Du and le

When do I use de+article And when do I use just the article? Like 'elles boivent le lait' or 'je bois du lait?'

May 30, 2012


De means 'from' or 'of.' When it is put with an article like le, la or les, it turns into (always) du, de la, or des.

This could mean 'some of the' if you are talking about food. Je mange de la salade. I am eating SOME or SOME OF THE salad. je mange la salade = I am eating salad

Je mange la pizza. = I am eating pizza, or I am eating THE pizza

Je mange de la pizza = I am eating some pizza, or I am eating some of the pizza

I agree. Using the article by itself indicates either (1) a specific case (or serving) of something OR (2) all of the thing present (in the world, or house, or whatever "the greater context" might be). Using "de" with an article (called the "partitive") makes explicit the fact we usually assume in English that you're referring to a general quantity of something ("some").

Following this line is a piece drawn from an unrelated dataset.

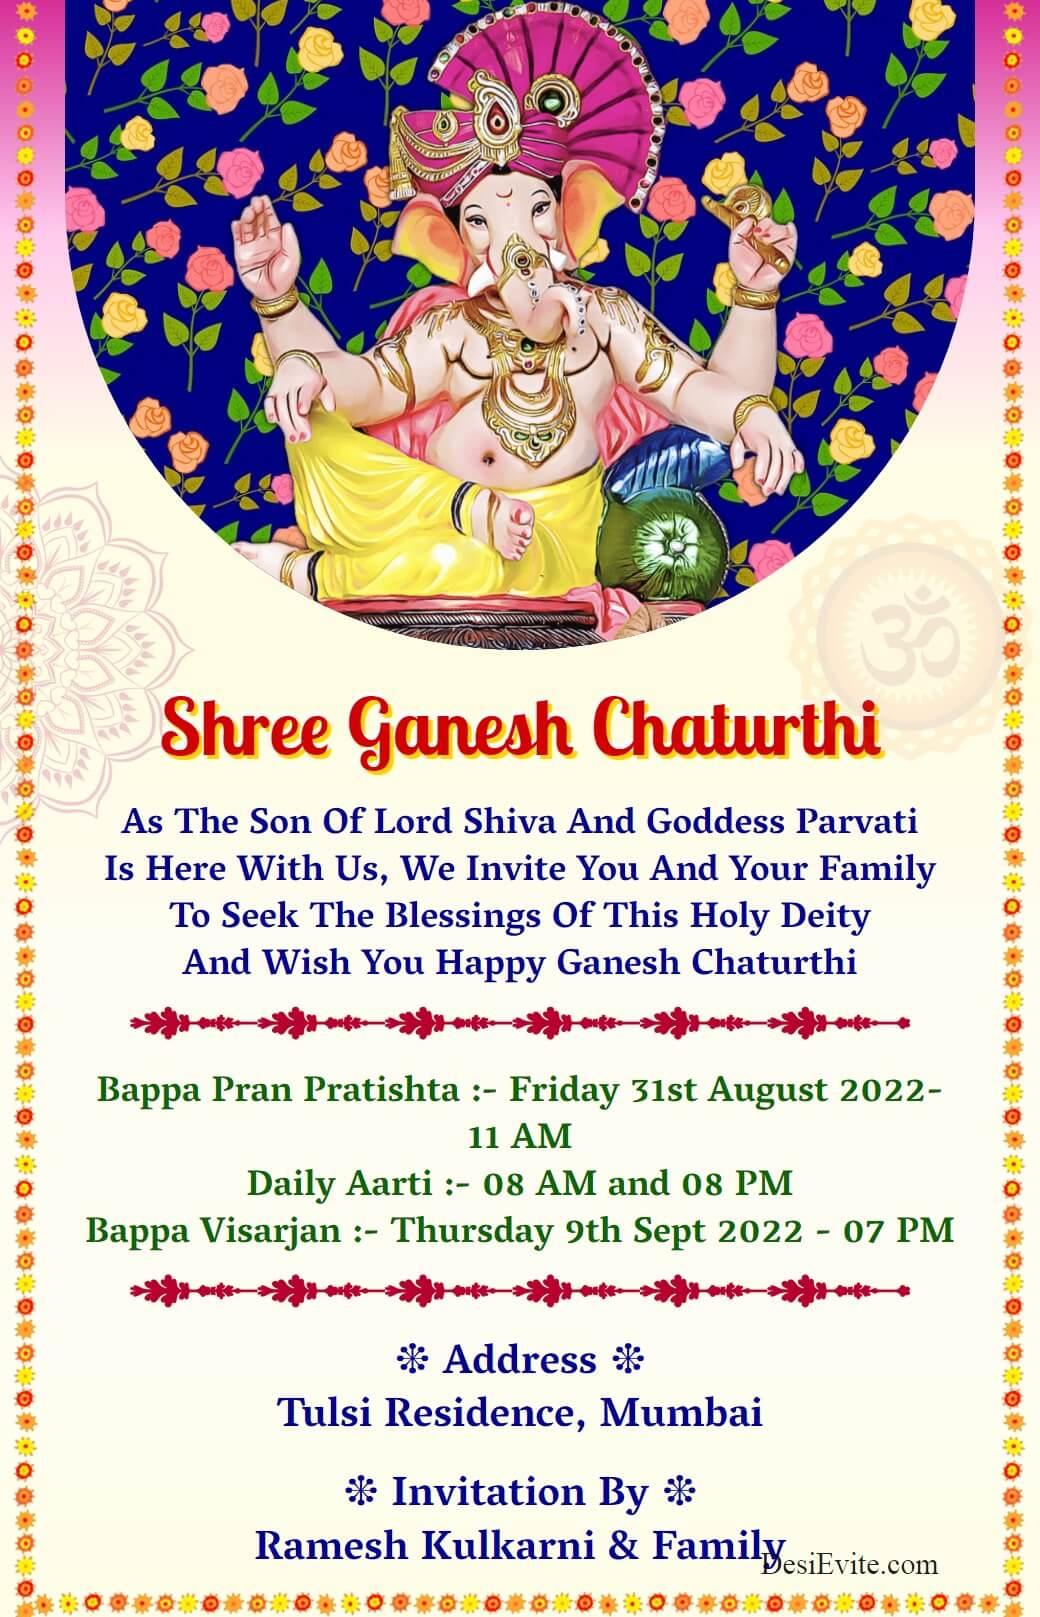 Ganesh chaturthi 2021 card fresh pleasant theme

The partitive basically means "some," but is required where we might leave out a determiner in English (e.g. "I'm eating soup." = "Je mange de la soupe.").

du means some, le means the or just a generalisation. Elles boivent le lait - They drink the milk Elles boivent du lait - They drink (some) milk

@savourtardis, yes de + le => du, de + la => de la, de + les => des @Spaid, I think that the partitive means "some of" but that phrase can be dropped in English. Je mange la pizza. =/= I am eating pizza. You need the "the" in there or else it means that you're eating all of the pizza in the world. If you want to say "I'm eating pizza," you need the partitive -- "Je mange de la pizza."

Is the use of du versus des (versus de la?) determined according to which article the noun takes?

Yes. du = masculine, de la = feminine, des = plural. le - du la - de la les - des

Le tends to mean the, while du tends to mean some.